TRAILER DE ‘ABOUT ENDLESSNESS’

Roy Andersson, Leão de Ouro em 2014, com ‘Um Pombo Pousou Num Ramo a Refletir na Existência’, regressou com mais uma das suas pequenas fábulas sobre a fragilidade humana: About Endlessness’, é composto pelos seus habituais ‘quadros vivos’. Em ‘About Endlesseness’ — a referência ao infinito do título é um dos questionamentos da existência humana e em geral de toda a sua obra — traça de imediato o seu estilo de cinema muito peculiar: uma colecção dos tais tableaux vivants, aparentemente desligados uns dos outros, que jogam com paradoxos, numa combinação da tragédia, fatalismo e humor negro. Todos os quadros são situações insignificantes, como a história de um padre que, depois de perder a fé e a esperança, procura conforto de um psiquiatra mais preocupado em não perder o autocarro para casa ou a senhora com o bebé que quebra o salto do sapato, ou eventos históricos, como um exército derrotado que marcha em direcção a um campo de prisioneiros ou Hitler com o seu staff no seu bunker, que abana com o bombardeamento, apenas à espera da sua derrota e da derrocada final. ‘About Endlessness’ é quase como sempre nos filmes de Andersson, um ensaio sobre o absurdo e, “uma reflexão sobre a vida em toda a sua beleza e crueldade, em todo o seu esplendor e banalidade”, como explicava o próprio realizador nas notas de imprensa.

TRAILER ‘THE PAINTED BIRD’

O checo Václav Marhoul — realizador de mais uma versão do filme histórico ‘Tobruk’, 2008 — apesar de ser uma novidade na competição, criou alguma expectativa com ‘The Painted Bird’, um filme que chamava à atenção por causa da sua bela fotografia a preto e branco e o tema da Shoah. Em ‘The Painted Bird’, Václav Marhoul conta mais uma vez a perseguição aos judeus, mas vista através dos olhos de uma criança (uma extraordinária interpretação do pequeno Petr Kotlár), que sofre um crescendo de solidão, tortura e atrocidades. O filme é baseado no romance homónimo de Jerzy Kosinski — autor de vários livros de memórias autobiográficas e ficção, passadas na Europa de Leste, durante a II Guerra Mundial. ‘O Pássaro Pintado’ é editado em Portugal pela pequena ‘Livros de Areia’. Essa criança judia é colocada numa pequena quinta pelos pais na tentativa de escapar ao Holocausto, mas com uma mãe adoptiva bastante idosa.
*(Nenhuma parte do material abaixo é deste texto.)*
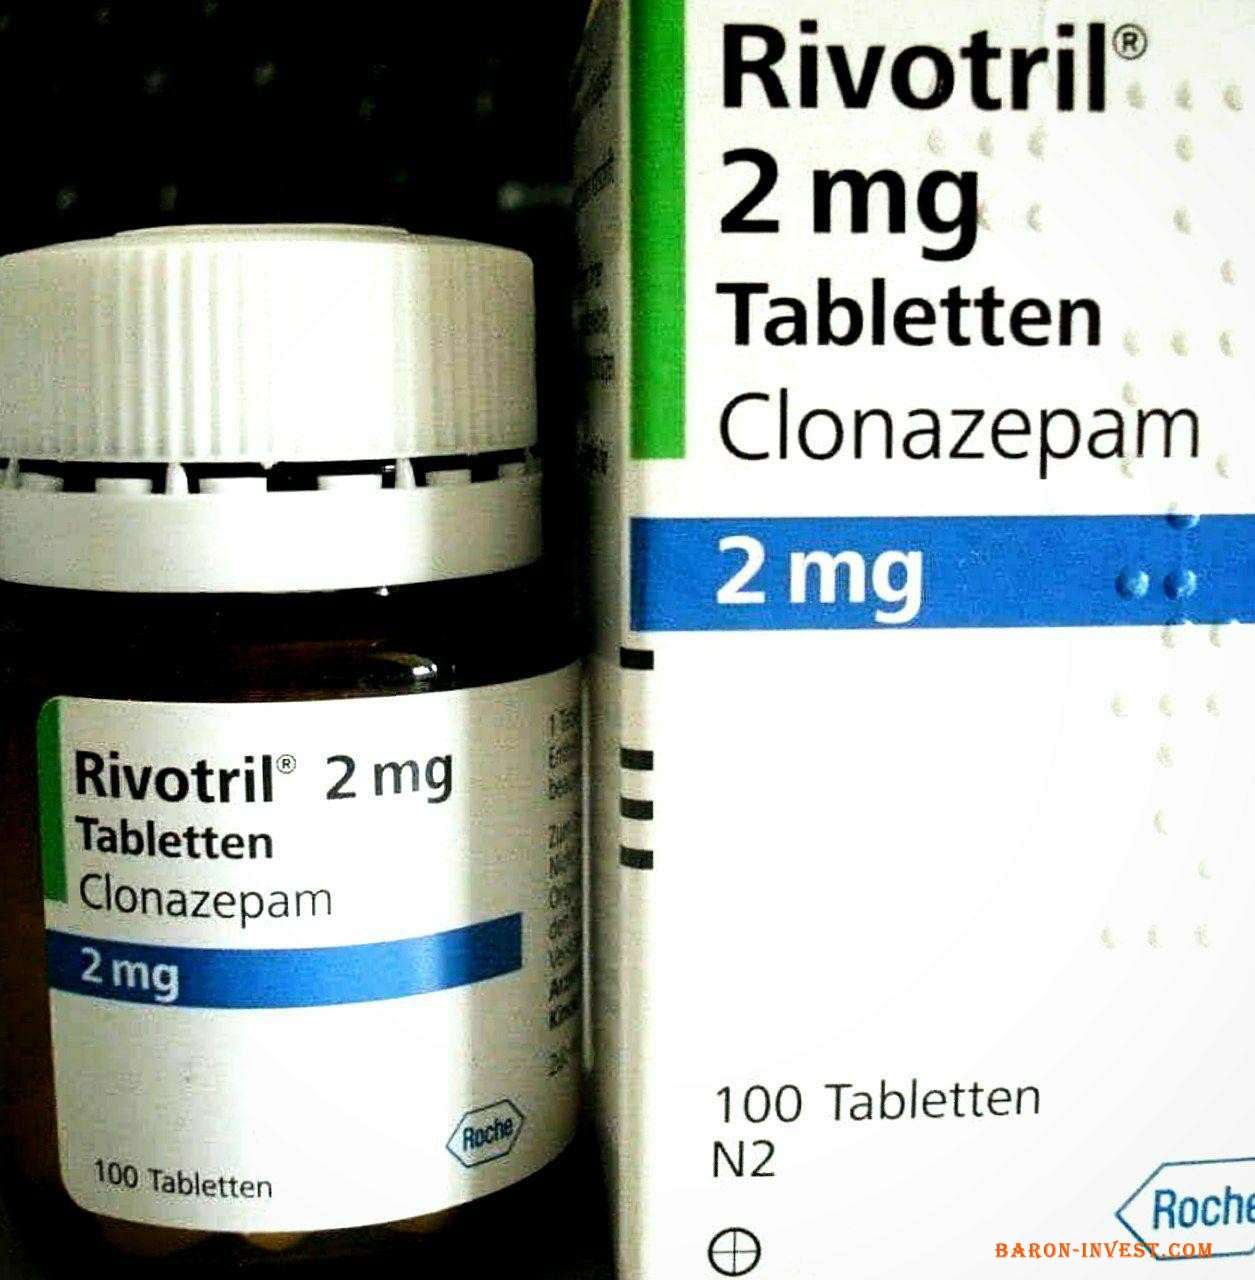 Rivotril® clonazepam Ривотрил клоназепам
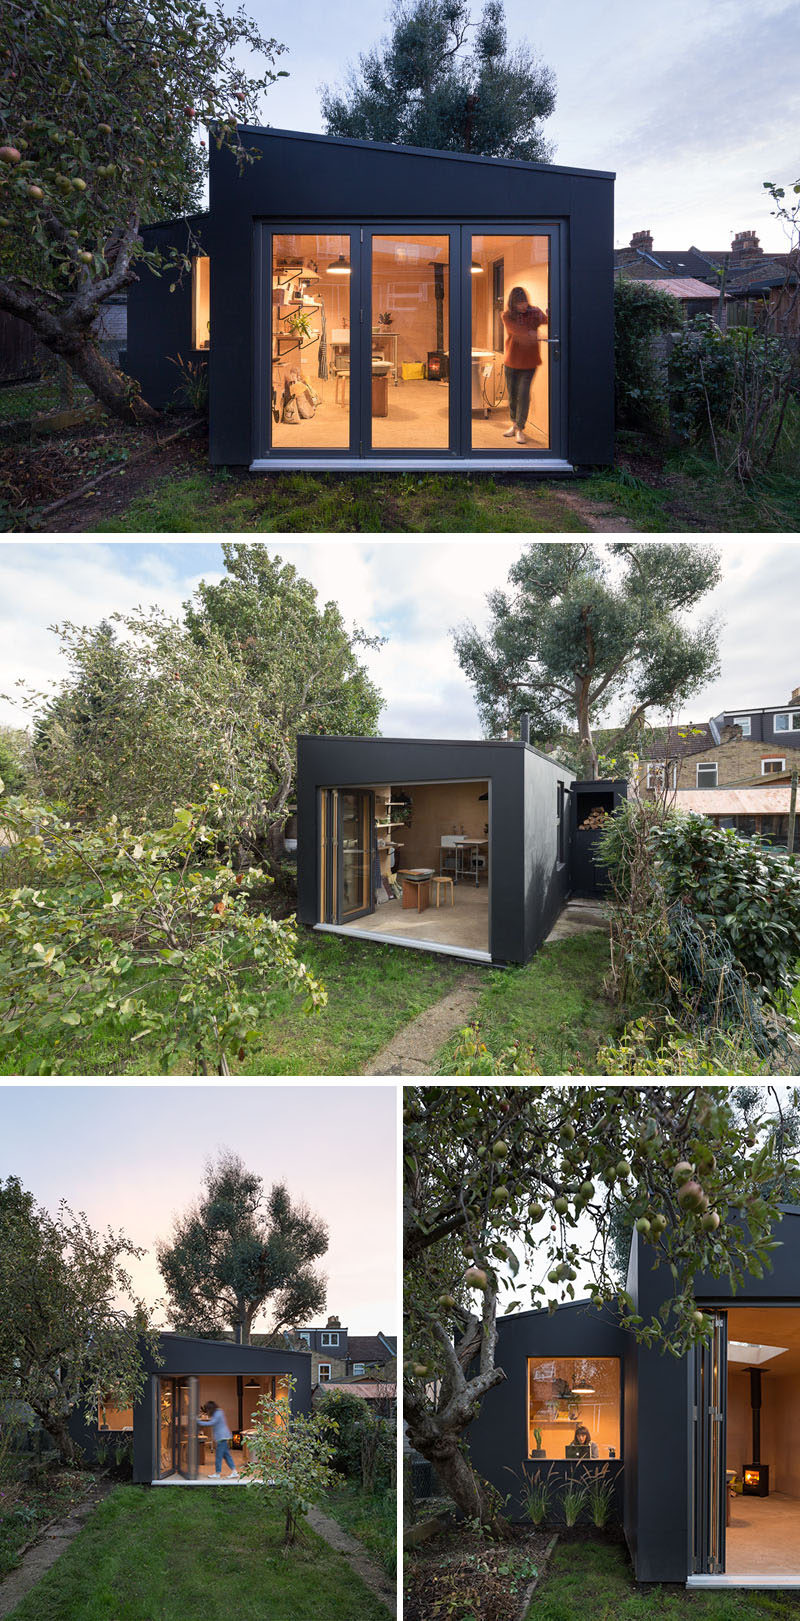  Британская фирма Gray Griffiths Architects спроектировала гончарный сарай на заднем дворе для керамиста в Восточном Лондоне. # Керамика # BackyardStudio

Quando a nova mãe morre de colapso, a criança vai encetar uma viagem de terror marcada por experiências atrozes e dilacerantes, onde vem ao de cima toda a maldade e violência humana, e que marcam para sempre o seu corpo e o seu olhar. Filme de viagem, complexo e perturbador, com quase três horas de duração é filmado num magnífico preto e branco (direcção de fotografia de Vladimír Smutny), levou quase dez anos para ser concretizado e estar aqui na competição. O título, ‘The Painted Bird’, refere-se a um dos episódios do filme — são 6 e estão relacionadas com as personagens que se vão cruzando com o miúdo, quase todas para o mal — cujas as penas de um pássaro são pintadas e quando regressa ao bando é excluído de uma forma cruel por ser ‘diferente’. O elenco inclui algumas estrelas improváveis para um filme originário do Leste Europeu, como Harvey Keitel (um padre católico, com a voz dobrada), Stellan Skarsgård e Barry Pepper (no papel de dois soldados, um nazi e outro do Exército Vermelho) e o britânico Julian Sands (‘Um  Quarto Com Vista Sobre a Cidade’) em Garbos, uma das sinistras personagens que dão ‘hospitalidade’ à criança. ‘The Painted Bird’ é igualmente mais uma reflexão ao nível da ficção, sobre ‘A Banalidade do Mal’, segundo Hannah Arendt.